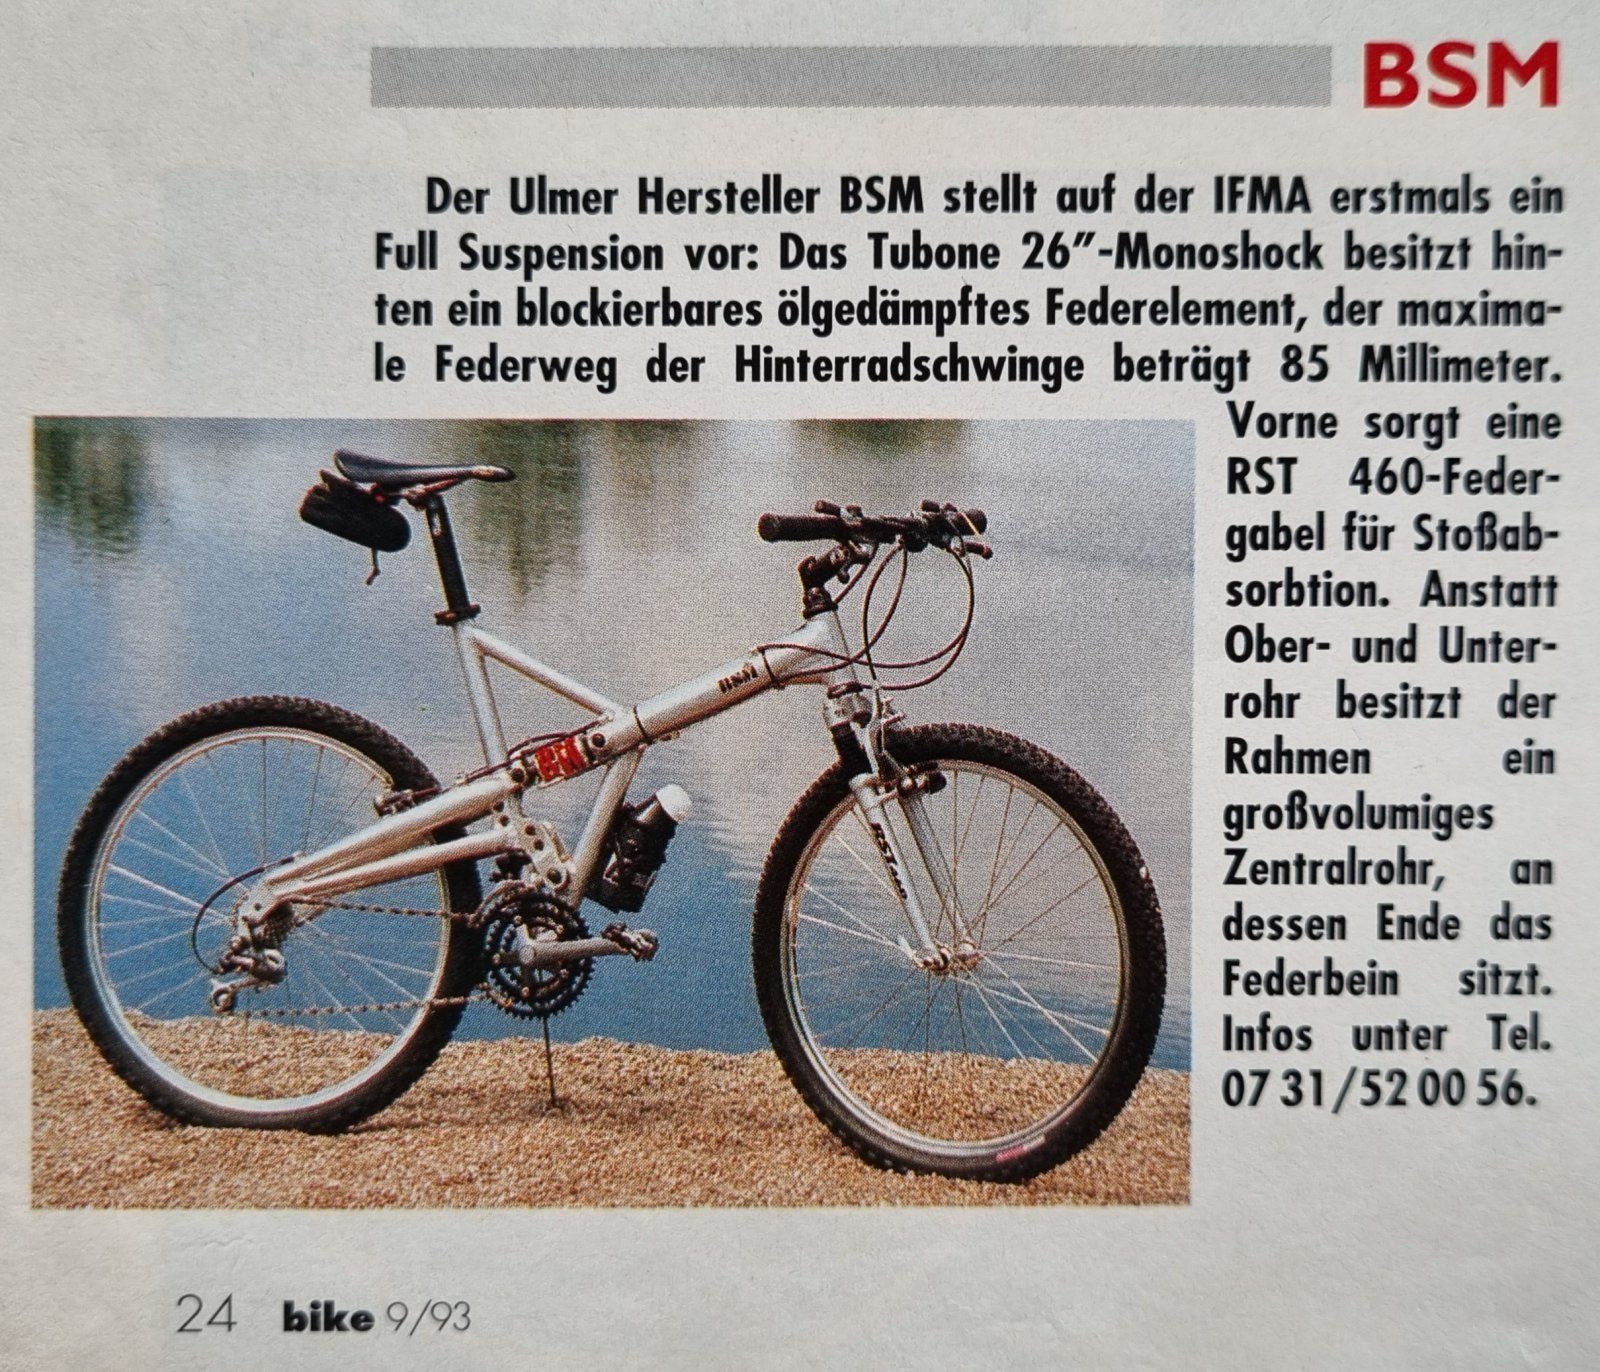 BSM Tubone 26 Monoshock aus Bike 1993 09.jpg
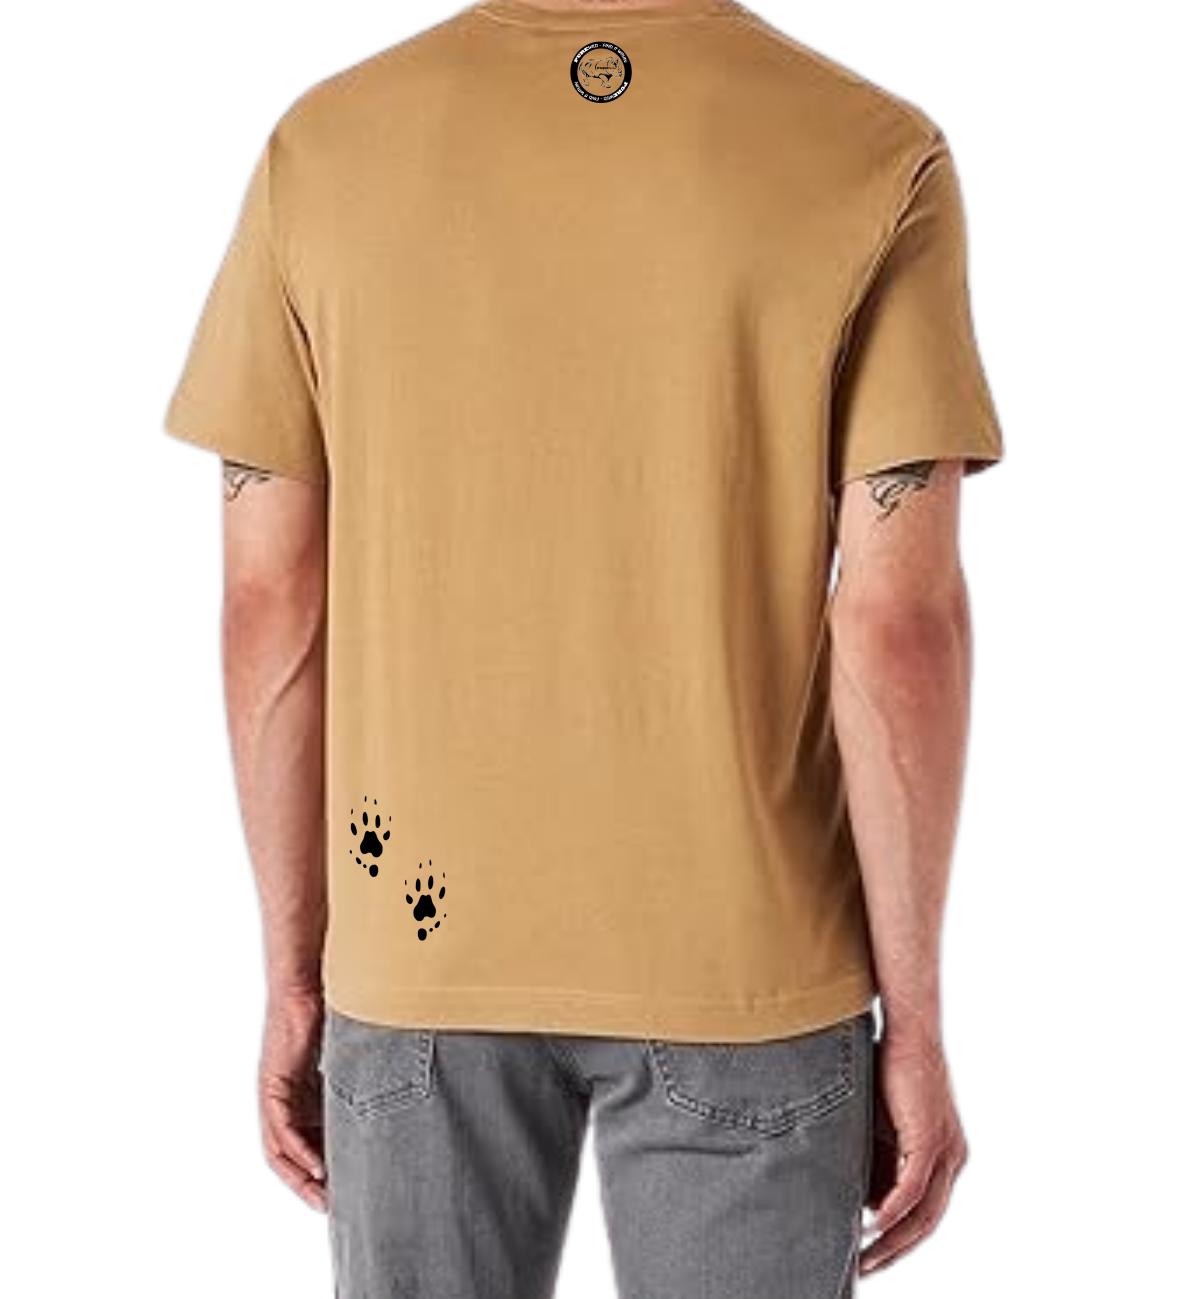 Meerkat T-Shirt For A Real Man
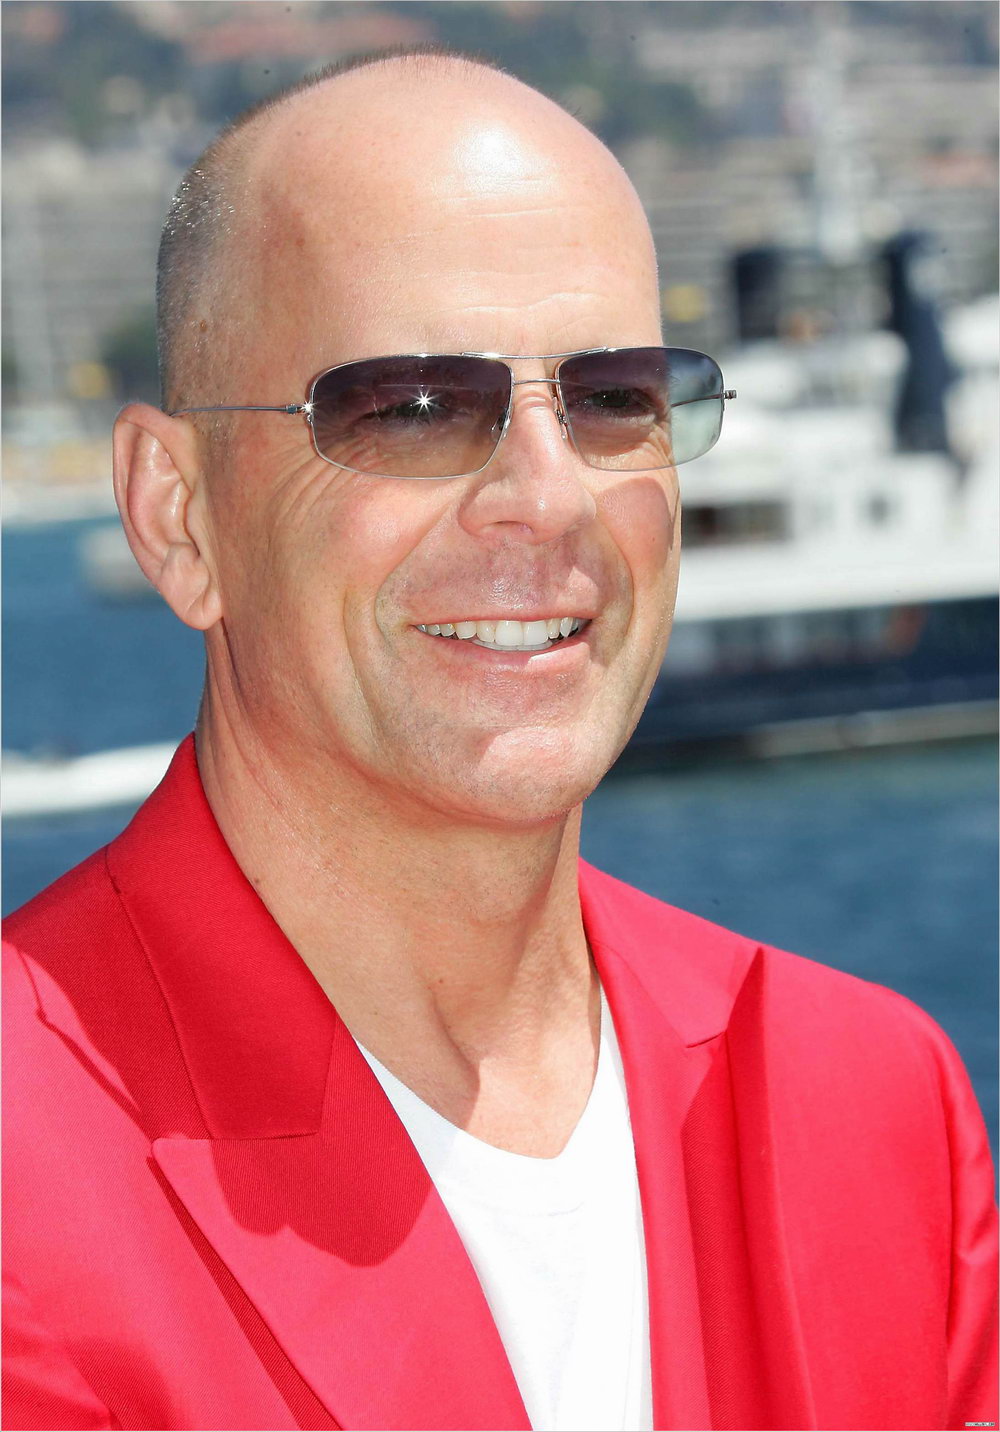 Bruce Willis photo 59 of 221 pics, wallpaper - photo #91289 - ThePlace2

————————

▶ [Try it]: The data should be printed again unchanged; leave its pictures out.

▶ [Solution below]:
 BSM Tubone 26 Monoshock aus Bike 1993 09.jpg
 Meerkat T-Shirt For A Real Man
 Bruce Willis photo 59 of 221 pics, wallpaper - photo #91289 - ThePlace2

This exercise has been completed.